Here, we present the protocol for a randomised controlled trial evaluating the role of SCPB in ACSS. The trial is unique as it is the first placebo trial and the first completely blinded trial of its nature. This protocol conforms to the Standard Protocol Items: Recommendations for Interventional Trials [22].

Whilst SCPB has been studied in thyroid and carotid surgery, there is a paucity of evidence for performing SCPB for ACSS. A single centre, non-blinded, randomised controlled trial (RCT) comparing GA to awake surgery with bilateral deep and superficial cervical plexus blocks found a trend towards better post-operative pain control in the cervical plexus block group. The GA group however had better intra-operative haemodynamic stability and patient satisfaction scores [23]. It has been shown that SCPB is preferred to deep cervical plexus block, as the deep block is associated with a greater risk profile without conferring a significant benefit [10].

The only trial we are aware of studying SCPB in ACSS is an RCT comparing unilateral SCPB with no block in patients undergoing single or two-level ACDF [20]. The primary outcome was the QoR-40 score measured at 24 h post-surgery. The patients were blinded, but the surgeon and anaesthetist were not. It was a single-centre study that enrolled 23 patients to each group. The QoR-40 scores were significantly better in the SCPB group (179 [116-195] vs. 157 [97-196]) (median [interquartile range]).

The disadvantages of this trial include the small number of patients, the lack of investigator blinding and the lack of a placebo. The chosen MCID of 10 points for the QoR-40 score is not reflective of the current literature (see above). In addition, we believe a bilateral SCBP yields superior outcomes to a unilateral block as the surgical incision can sometimes reach, or cross, the midline. Finally, the block was landmark-based, rather than ultrasound-guided. Ultrasound-guided SCPB has greater efficacy and reduced local anaesthetic toxicity compared to the landmark technique [24, 25]. The design of our proposed trial addresses each of these issues.

Placebo-controlled trials are particularly important when outcomes are based on patients’ subjective rating [26]. This trial is justified because there is a need to [1] demonstrate the true treatment effect of this intervention, [2] control for the bias that is associated with the tangible intervention and [3] provide a quantification of the adverse events of this intervention.

The anticipated benefits of SCPB in ACSS include improved post-operative pain control, resulting in a reduced length of hospital stay, decreased opioid requirements and an improved patient experience. Alternatively, this placebo-controlled trial may demonstrate no benefit from SCPB, and in that case, an unnecessary percutaneous procedure and administration of a medication will be avoided.
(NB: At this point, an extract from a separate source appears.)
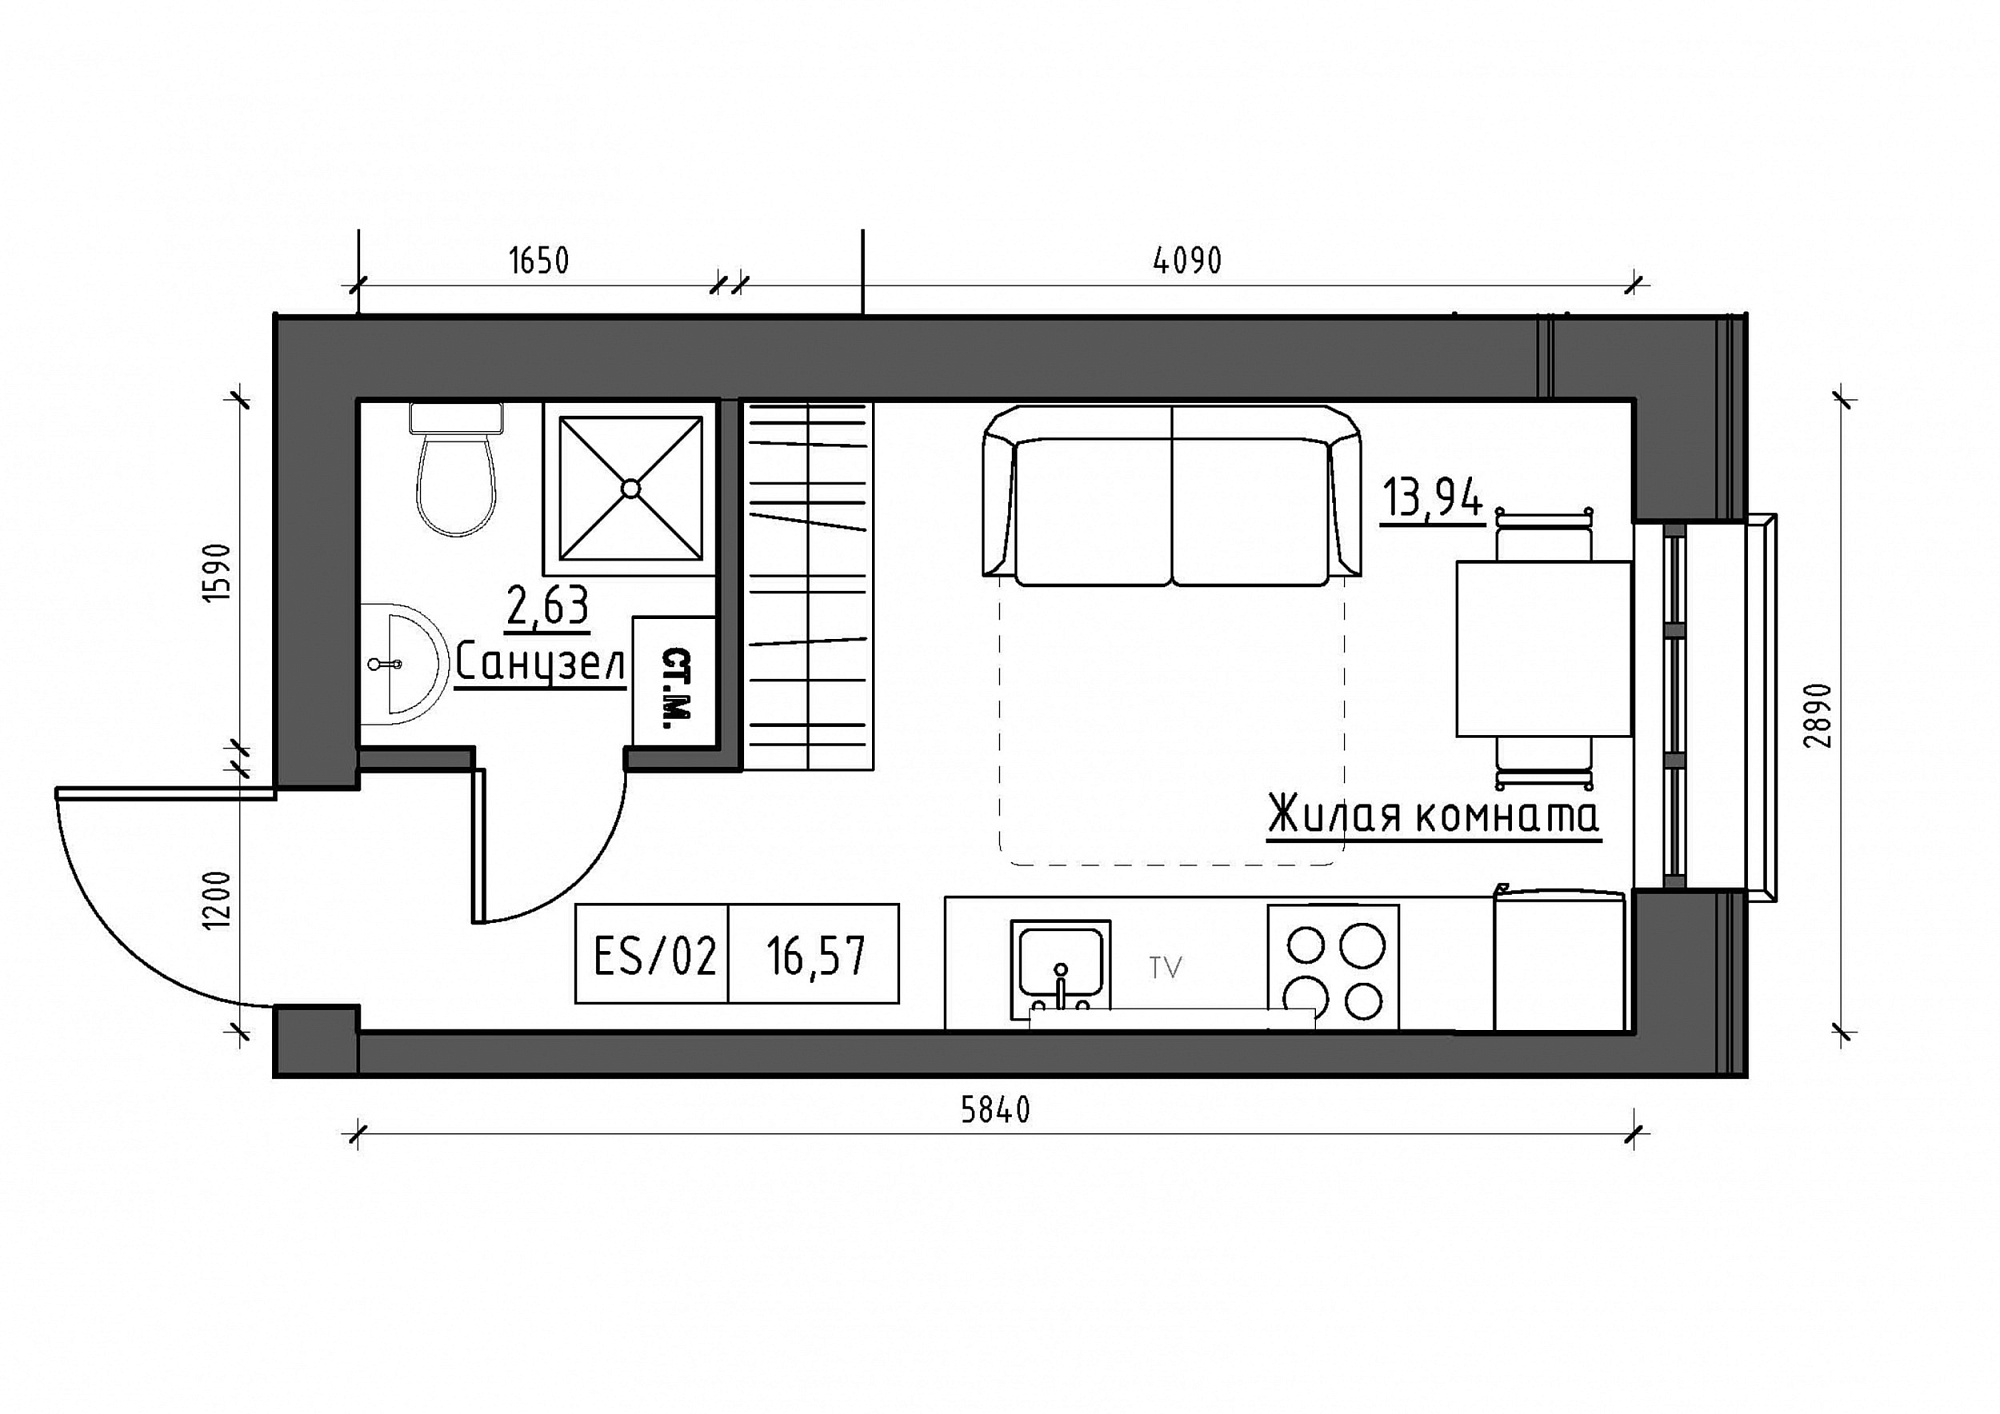 Planning Smart flats area 16.57m2, KS-011-03/0005.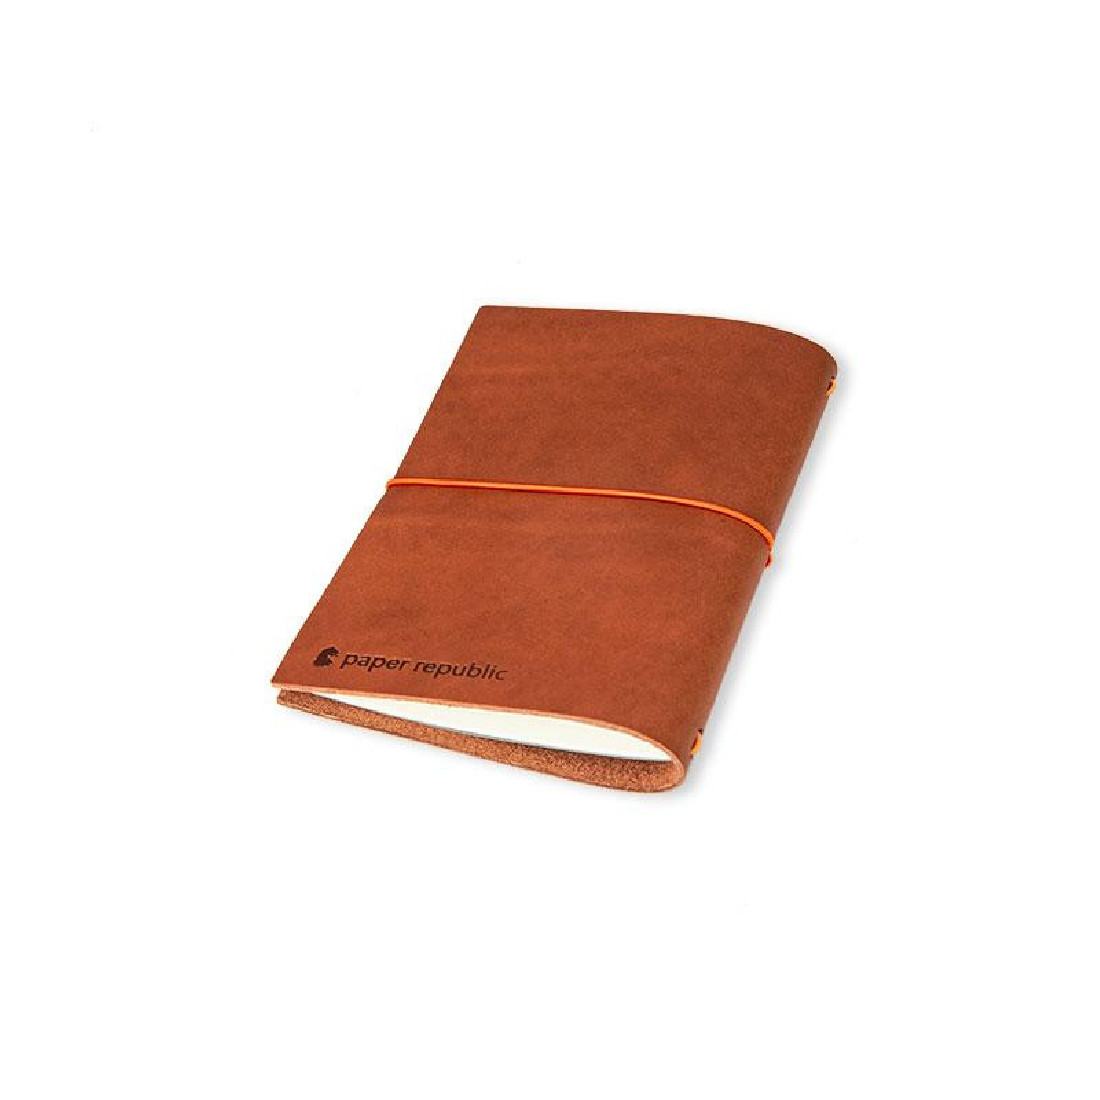 Paper Republic the writers essentials pocket cognac leather journal kit

Potential limitations of this trial include a possible slow rate of recruitment secondary to patient concern over participating in an interventional placebo trial. This is a well-known issue for placebo trials (in surgery in particular); however, these trials are important and have been shown to be feasible [27, 28]. Second, we have chosen a power of 80% in our sample size calculation. Whilst this could be regarded as low power, it is consistent with conventional values; although we do acknowledge the possibility of type II error if the effect size is not as strong as predicted [29].

Trial status

The trial is in the recruitment stage. The first patient was enrolled on October 21, 2019. Seventeen patients have been recruited to date. This is protocol version 11 (11/6/21). Recruitment is anticipated to be completed in October 2022.